On October 4th, I wrote that the FDIC had laid out over $55 Billion in insurance funds to cover bank loses, and that I felt the FDIC would go red in January or February of 2010, just based on the math and the rate of bank failures, coupled with the number of banks that were still in trouble. My concern were the bigger banks still in trouble like Citi. Last week, one of the major shareholders of Citi, Kuwait Investment Fund sold their stake in Citi. There is also a lot of money moving in the EU after the announcement that Greece is essentially bankrupt. In my October article, I personally thought that the FDIC might go red sooner than January or February, “much sooner” is what I said exactly.
Well, this just in.
Regulators have shut down banks in Florida, Arizona and Kansas, bringing to 133 the number of U.S. banks that have failed to hold up this year against the struggling economy and a cascade of loan defaults. The Federal Deposit Insurance Corp. said Friday it took over Miami-based Republic Federal Bank, with $433 million in assets and $352.7 million in deposits. A bank based in Boca Raton, Fla., 1st United Bank, agreed to assume all the deposits and $267.1 million of the assets of the failed bank. The FDIC will retain the rest for eventual sale.
In addition, the FDIC and 1st United Bank agreed to share losses on $210.4 million of Republic Federal’s loans and other assets.The FDIC also took over Valley Capital Bank, based in Mesa, Ariz., with $40.3 million in assets and $41.3 million in deposits; and SolutionsBank in Overland Park, Kans., with $511.1 million in assets and $421.3 million in deposits. Enterprise Bank & Trust, based in Clayton, Mo., agreed to assume the assets and deposits of Valley Capital, while Arvest Bank, based in Fayetteville, Ark., is buying the assets and deposits of SolutionsBank.The FDIC also agreed with Enterprise Bank to share losses on $29.8 million of Valley Capital’s assets, and agreed with Arvest Bank to share losses on $411.3 million of SolutionsBank’s assets.

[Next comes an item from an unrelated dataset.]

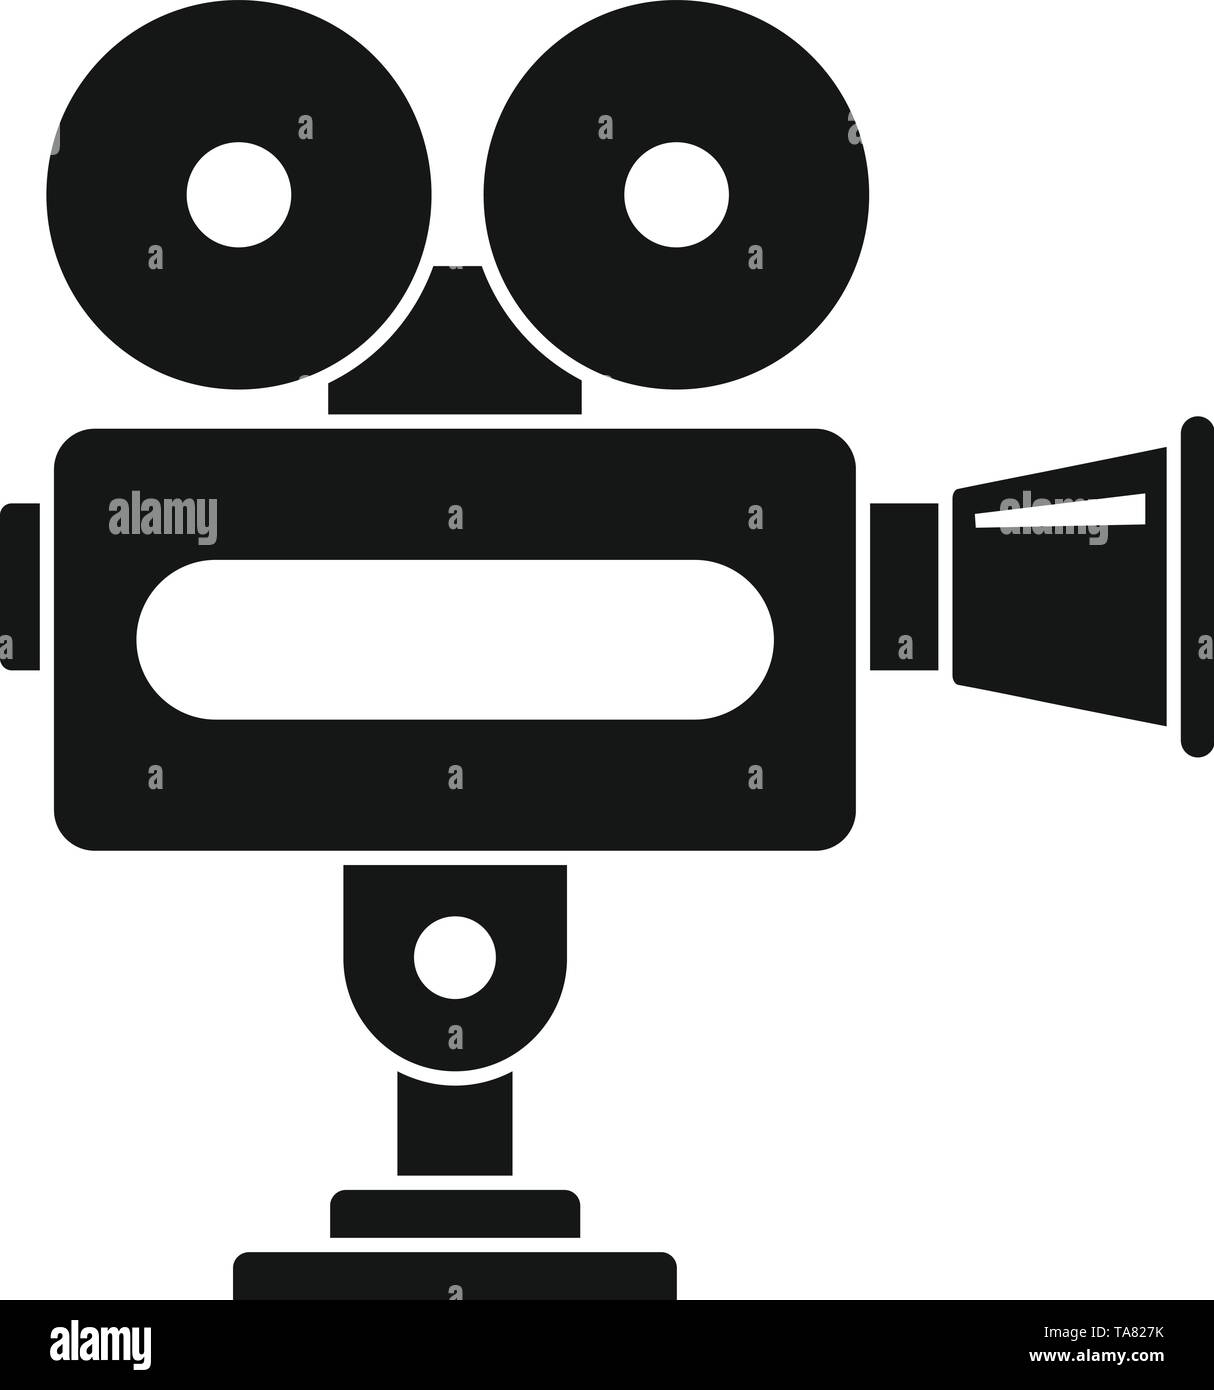 Cinema camera icon. Simple illustration of cinema camera vector icon for web design isolated on white background - Stock Image

The FDIC estimates the failure of Republic Federal will cost the deposit insurance fund $122.6 million; the failure of Valley Capital an estimated $7.4 million; and the failure of SolutionsBank an estimated $122.1 million. The shutdown of Republic Federal brought to 13 the number of bank failures in Florida so far this year. Failures also have been concentrated in California, Georgia and Illinois. Last week saw the failure of Ohio’s AmTrust Bank, the fourth-largest bank to fail this year, with about $12 billion in assets and $8 billion in deposits. The Cleveland-based bank’s failure is expected to cost the federal deposit insurance fund an estimated $2 billion.
As the economy has soured, with unemployment rising, home prices tumbling and loan defaults soaring, bank failures have accelerated and sapped billions out of the federal deposit insurance fund. It has fallen into the red.
Again, I will re-emphasize my recommendations. There is an ever increasing chance that the US Banking System is on the verge of collapse. All the “green shoots” talk about the economy is nothing more than a smoke screen to avoid panic. It is not real in any sense. I suspect the next move that will come right after the holidays, and I mean right after the holidays, and that is to declare the banking holiday I have written about in the past. This will be the last ditch effort to avoid a “run” on the banks. If you haven’t already done so, I urge you now to collect and keep at least 30 and preferrably 60 days of running cash in your physical possession. Might not be a bad idea to stock up on some grub too. I know this couldn’t happen at a more difficult time, with the holidays and all, but caveat emptor!